Solarcentury
- Founded: 1998
- Headquarters: UK
- Key people: Jeremy Leggett (founder)
- Revenue: £168 million
- Website: https://www.statkraft.co.uk

= Solarcentury =

Solar energy company

Solarcentury was the UK's largest solar company.
Solarcentury was founded in 1998 by former oil geologist Jeremy Leggett, and had an annual turnover of £168 million in 2015–16.

The company were in partnership with Panama-based private equity firm ECOSolar, and had acquired the 400MW Divisa Project in Panama.

Solarcentury gave a 5% share of profits to SolarAid, a charity founded by Solarcentury in 2006, that supplies mini home-solar installations in Africa on a pay as you go basis.
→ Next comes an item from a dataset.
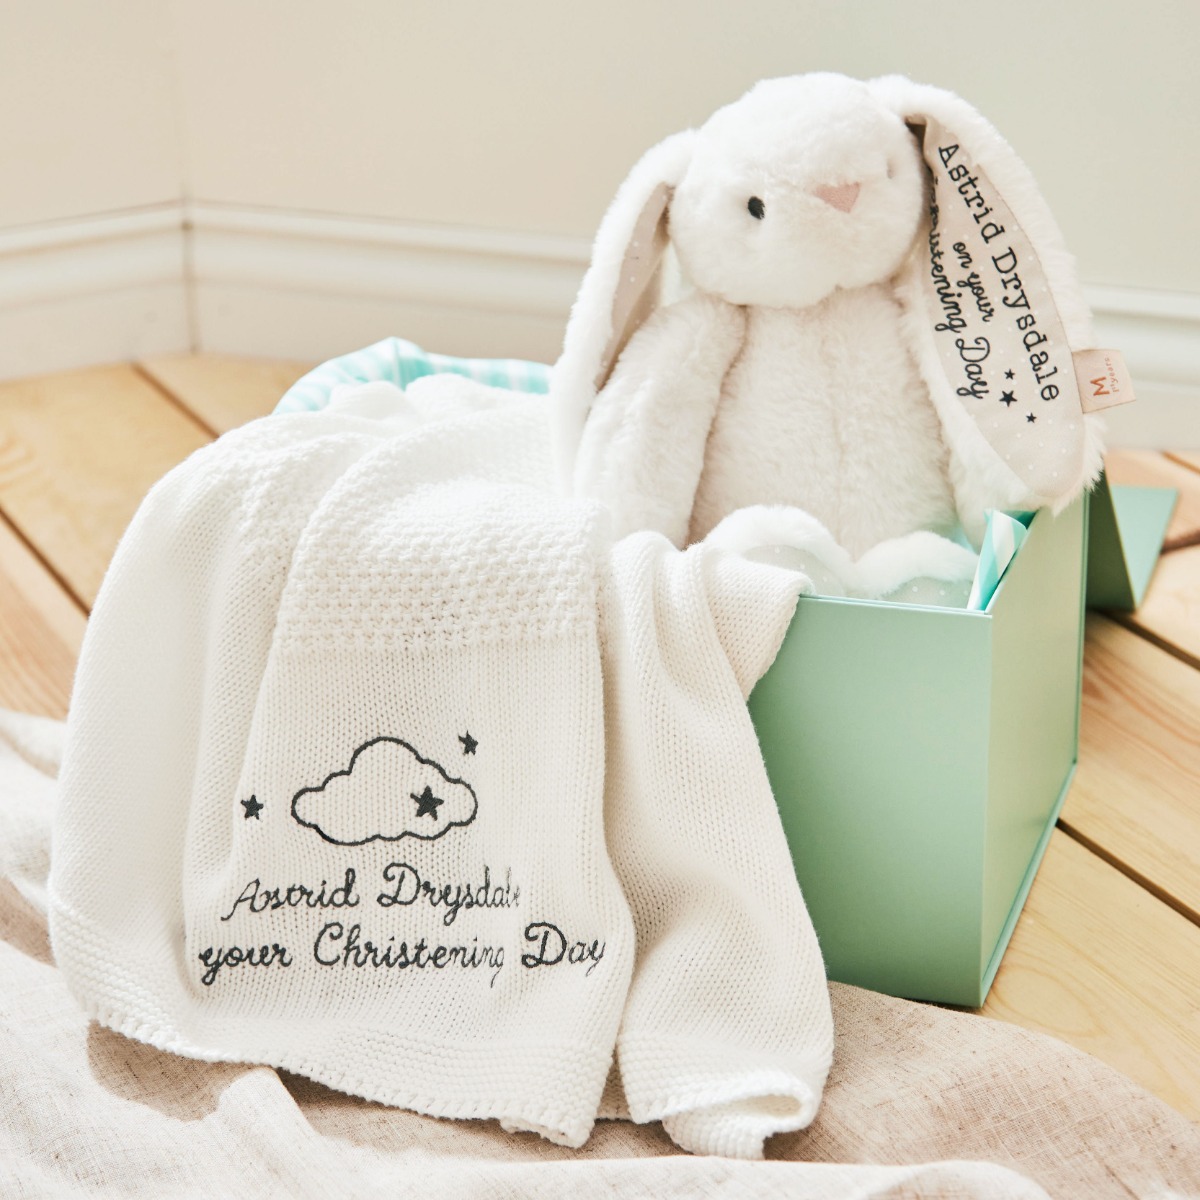 Personalised White Bunny and Blanket Christening Gift Set

Solarcentury was bought by Statkraft in November 2020 for £118 million.

==History==
In May 2017, the company announced that it was shifting its focus from the UK, where 85% of its business is, and pursuing £3 billion of projects in Latin America and Europe.

In 2019 Solarcentury announced an eightfold increase in annual profits to £14.4 million, largely due to constructing and operating unsubsidised solar farms in southern Europe, Latin America and Africa.

In November 2020, the Norwegian renewables company Statkraft announced it had acquired Solarcentury, taking full control of the company.